### [MATERIAL PROVIDED]
|---|

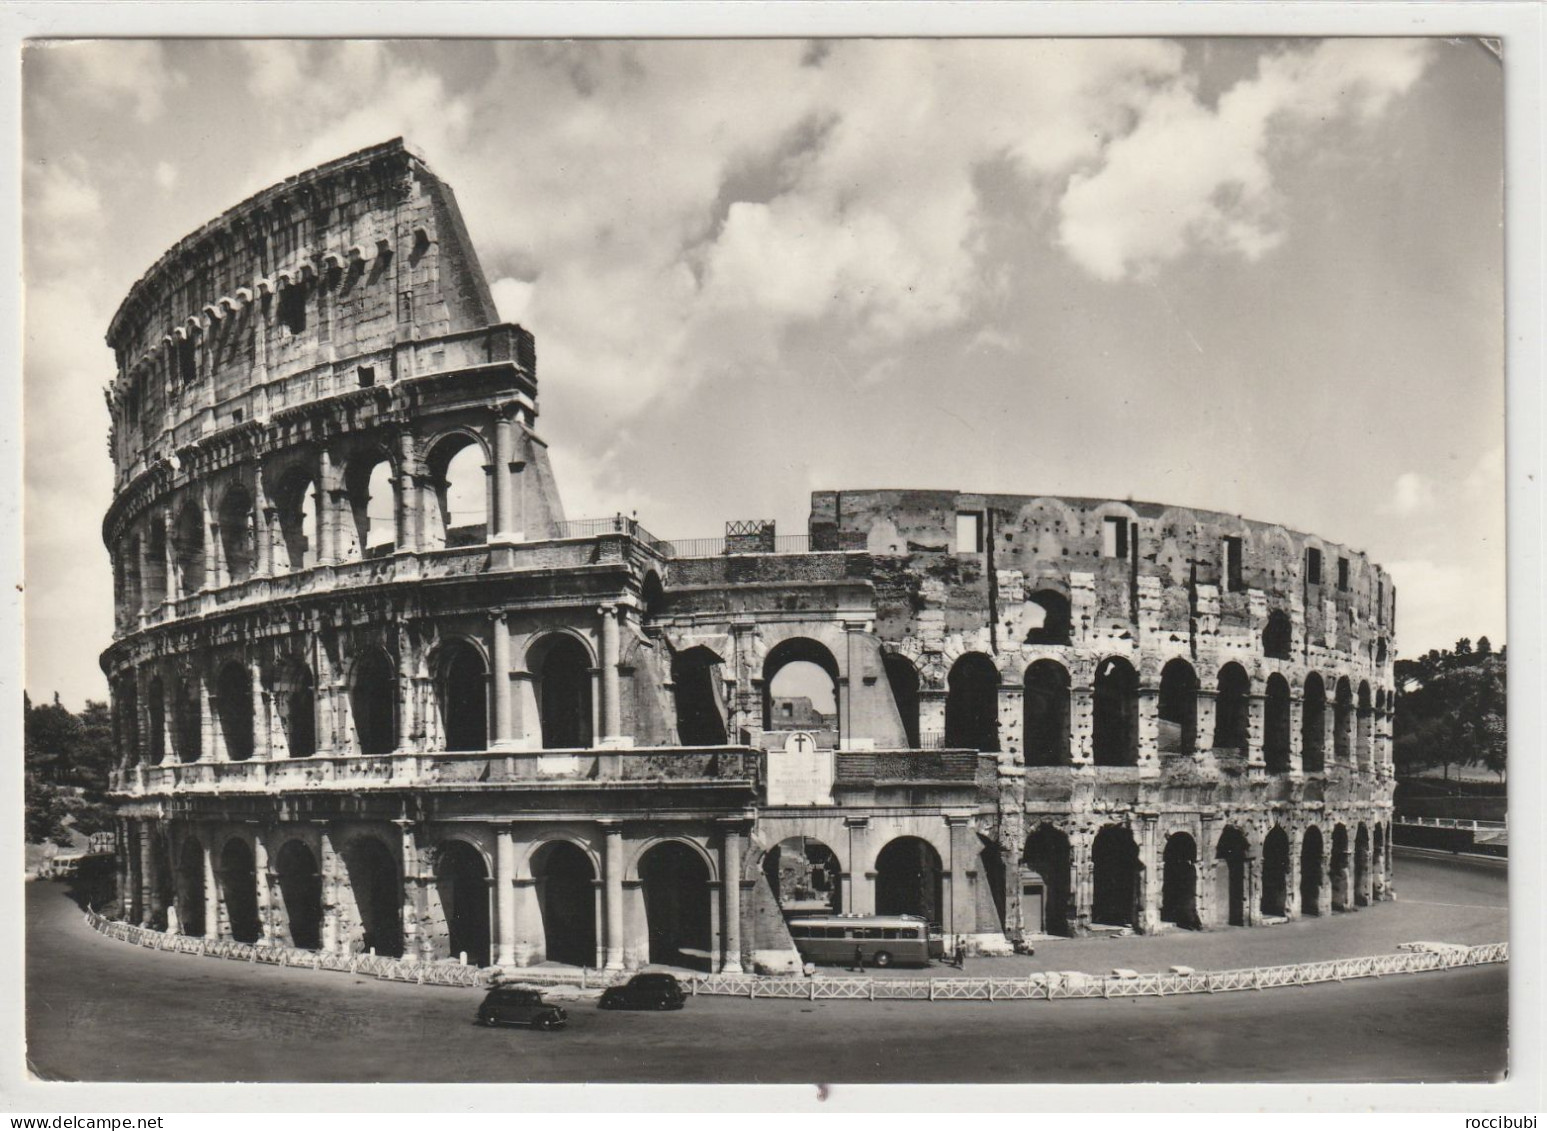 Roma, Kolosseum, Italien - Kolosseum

|---|

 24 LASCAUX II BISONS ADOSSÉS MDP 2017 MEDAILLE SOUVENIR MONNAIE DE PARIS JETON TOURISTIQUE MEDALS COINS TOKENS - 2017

|---|

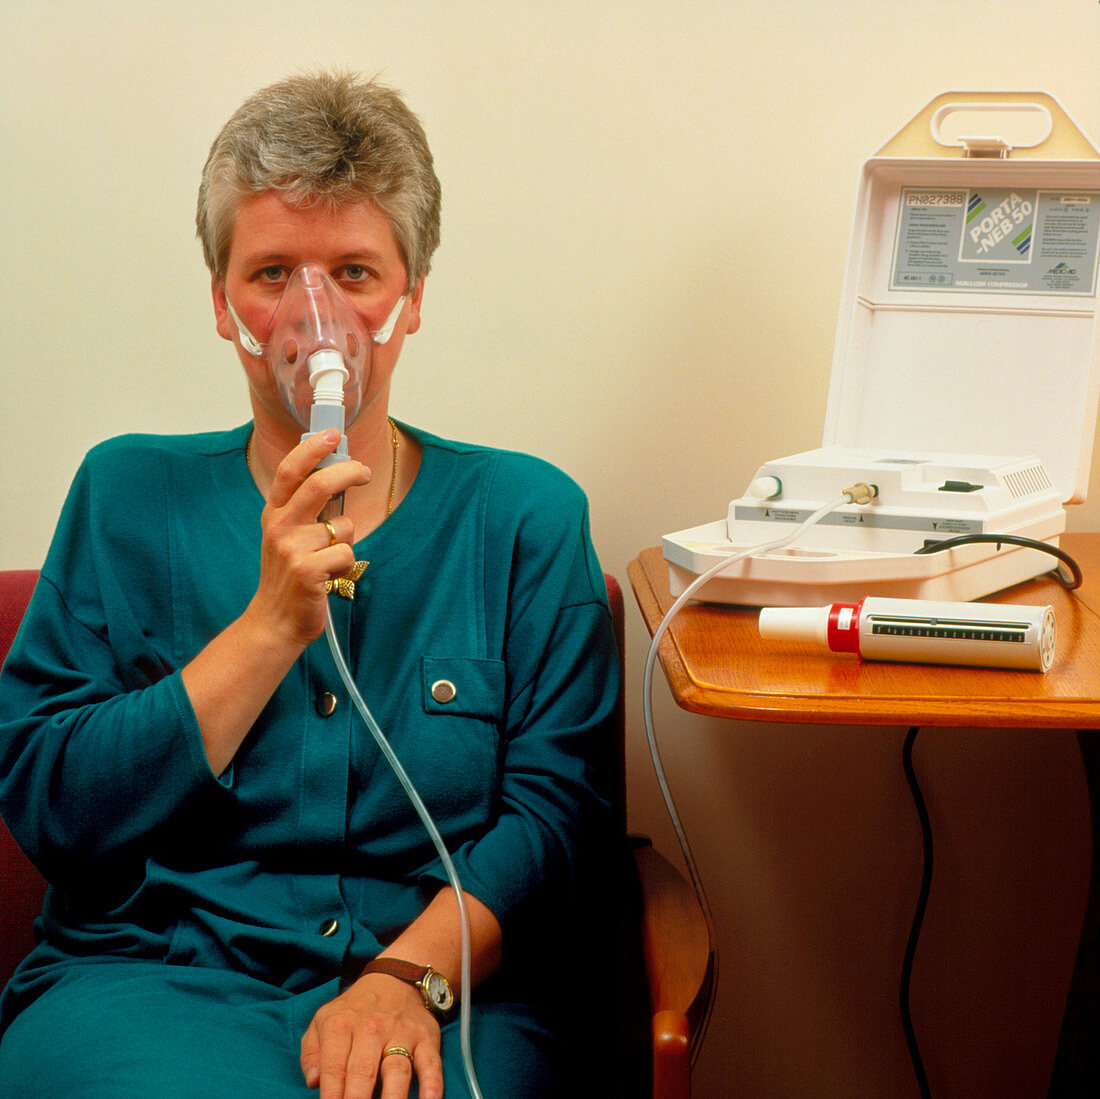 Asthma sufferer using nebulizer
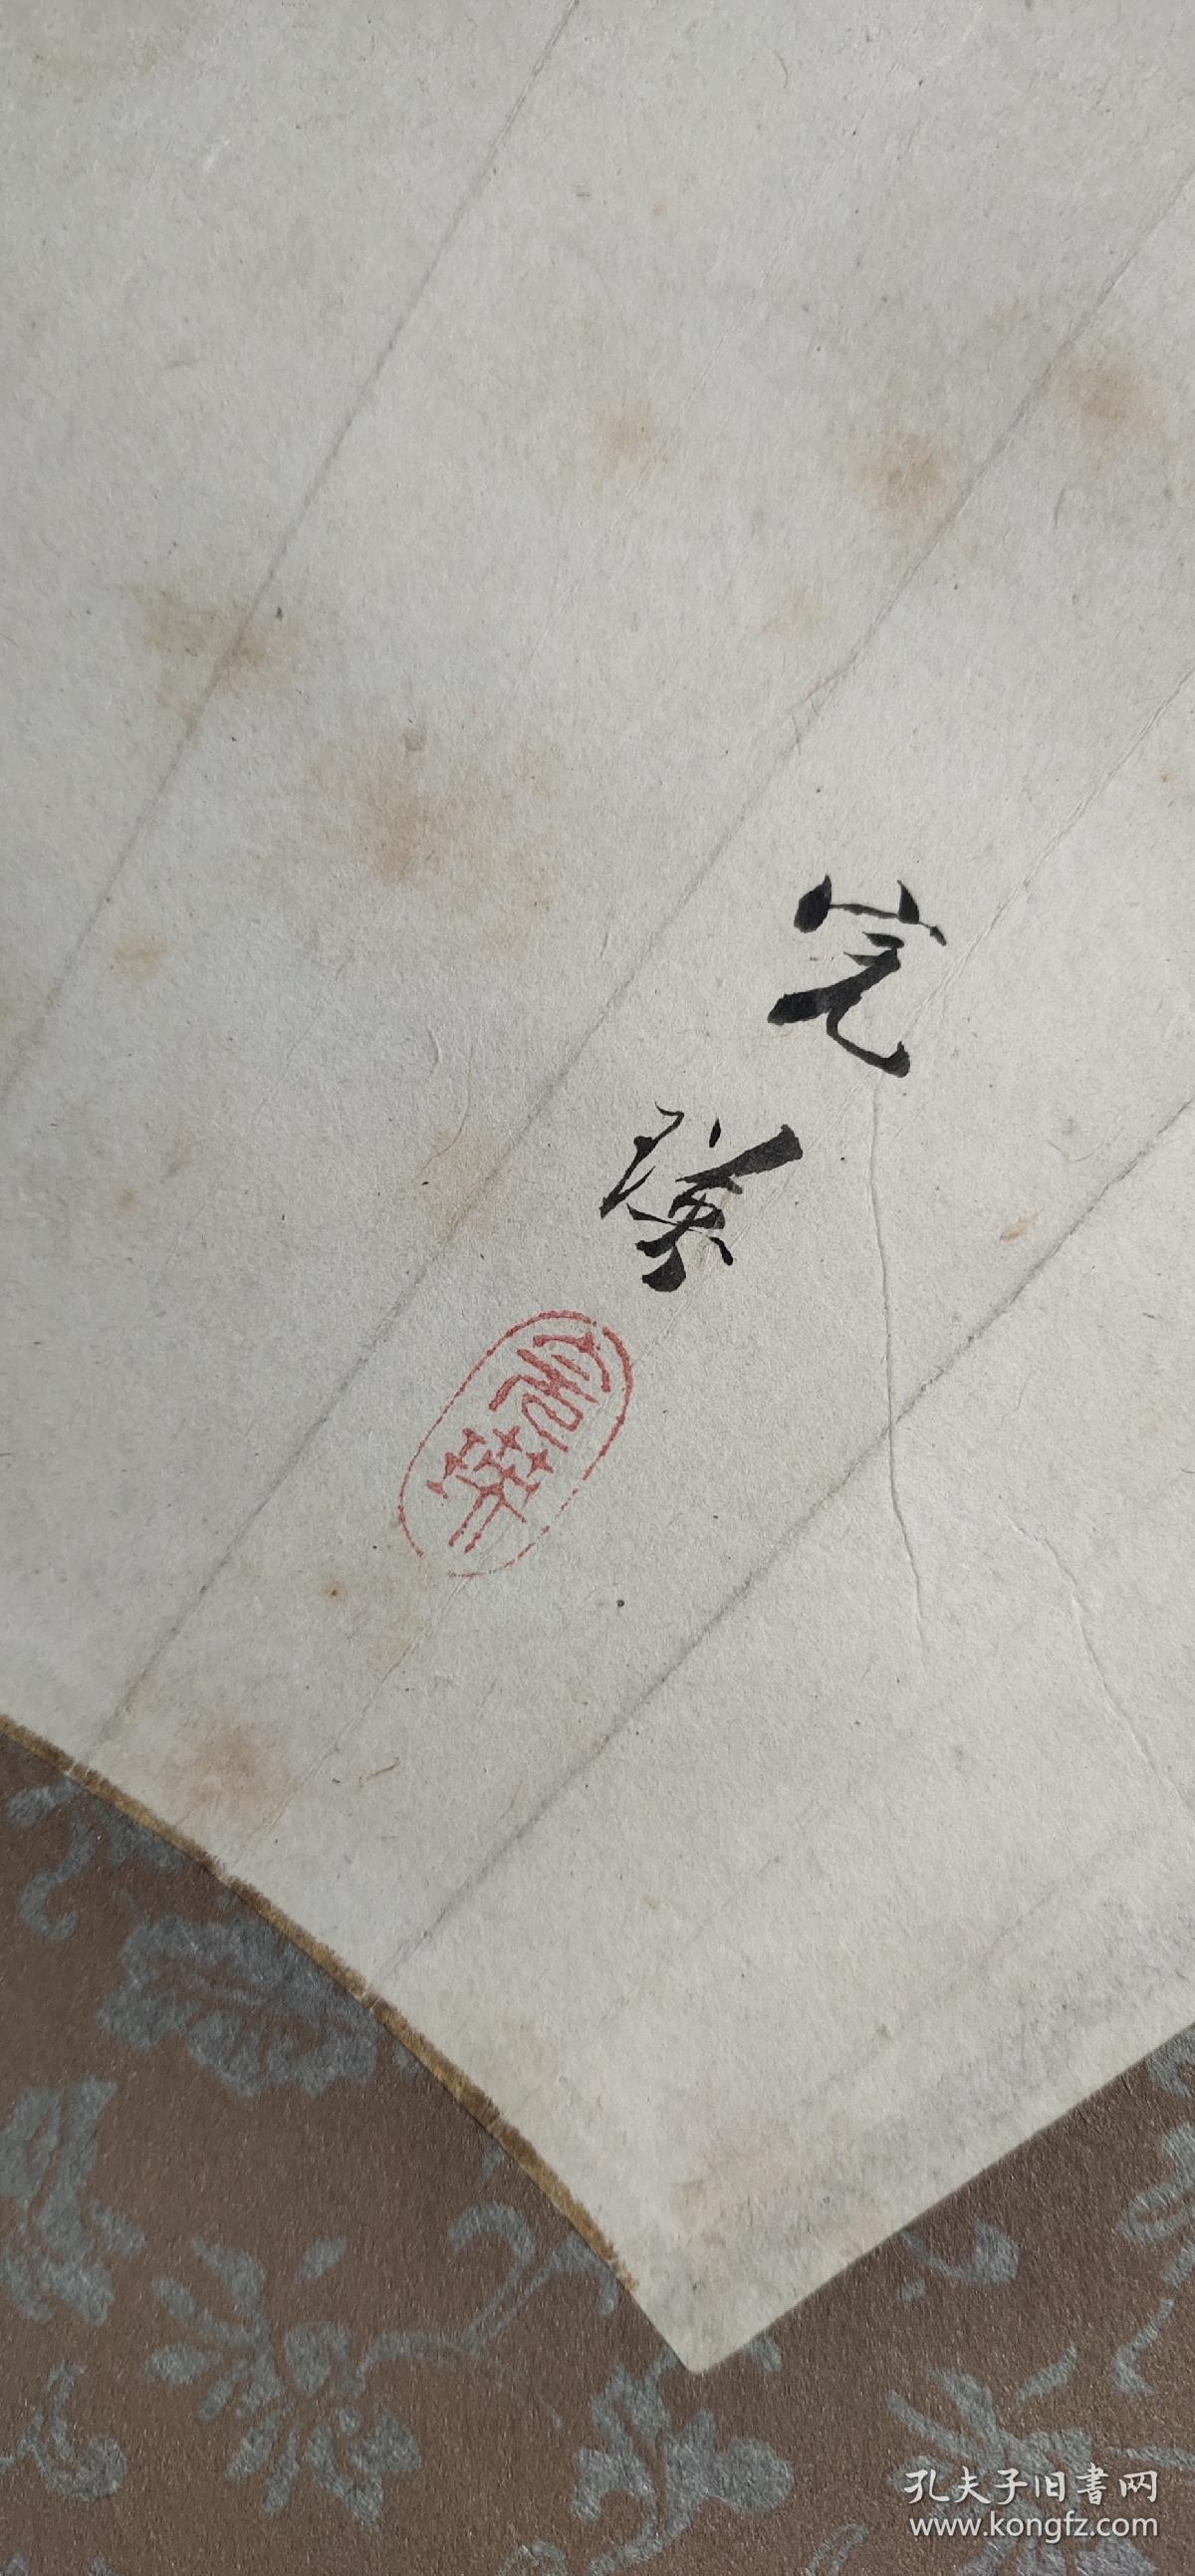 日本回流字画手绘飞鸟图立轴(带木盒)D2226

|---|

### [YOUR GOAL]
Above this task is a listing with pictures in it. Retype only the lines from the one containing "Asthma sufferer using nebulizer" through the one containing "日本回流字画手绘飞鸟图立轴(带木盒)D2226", both included, and not the pictures.

### [ANSWER TO THIS TASK]
 Asthma sufferer using nebulizer
 日本回流字画手绘飞鸟图立轴(带木盒)D2226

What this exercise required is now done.